This is an example of the standard issue United States Navy winter wool naval aviator uniform. Adopted in September 1917, the green uniform of the U.S. Marine Corps was authorized for aviation officers as a winter service uniform. The wearing of the aviation green uniform was mandatory only for commissioned and warrant officers designated as naval aviators, and CPOs designated naval aviation pilots, serving in pilot status. The green uniform was formally retired in November 1985.
This uniform was worn by the donor Frederick C. Durant III. Durant enlisted in the United States Navy during World War II and was a part of the pilot training program on the U.S.S. Wolverine in the Great Lakes.

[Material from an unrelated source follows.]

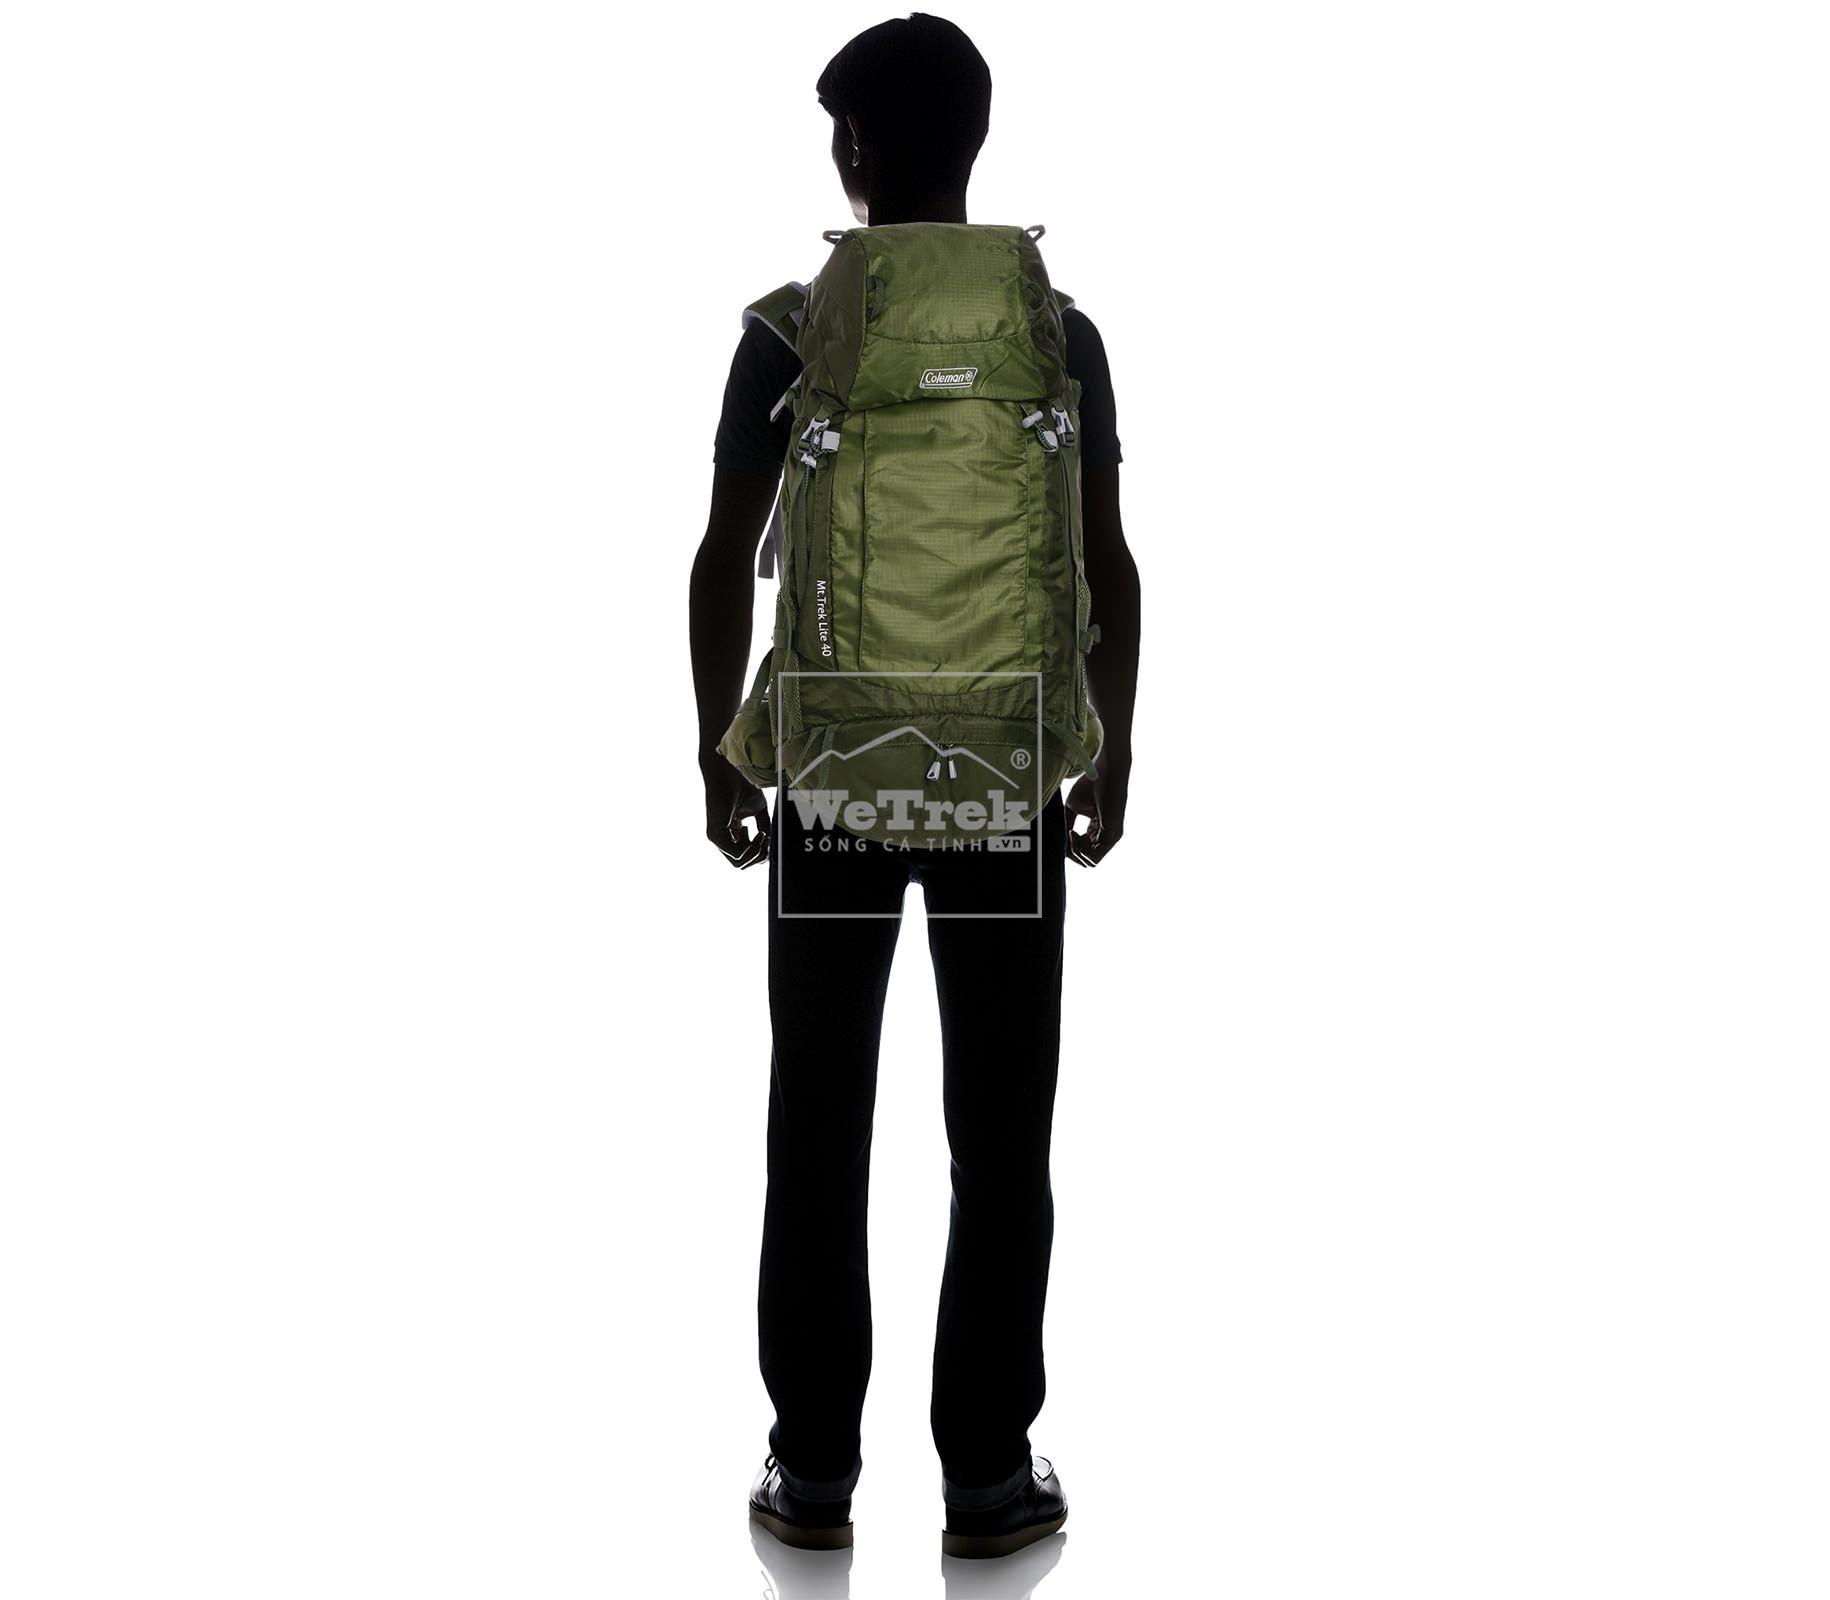 ba-lo-leo-nui-40l-coleman-mttrek-lite-backpack-green-cbb4091gr-7455-wetrek.vn-2

Following the war, he worked for the Bell Aircraft from 1946 to 1947 on rocket development. From 1948 to 1951, he served as the Director of Engineering for the Naval Air Rocket Test Station. He returned to naval service as a test pilot in 1951, during in the Korean War. Following the war he worked for the Central Intelligence Agency as a space analyst. In the late 1950s, he was part of Vernher von Braun’s team that developed Explorer I, America’s first satellite.
In 1964, the National Air and Space Museum in Washington, DC hired Durant as the head of the new Astronautics Department and was responsible for making the Museum the official repository for all flown NASA hardware. He retired from the Smithsonian in 1980.
This object is not on display at the National Air and Space Museum. It is either on loan or in storage.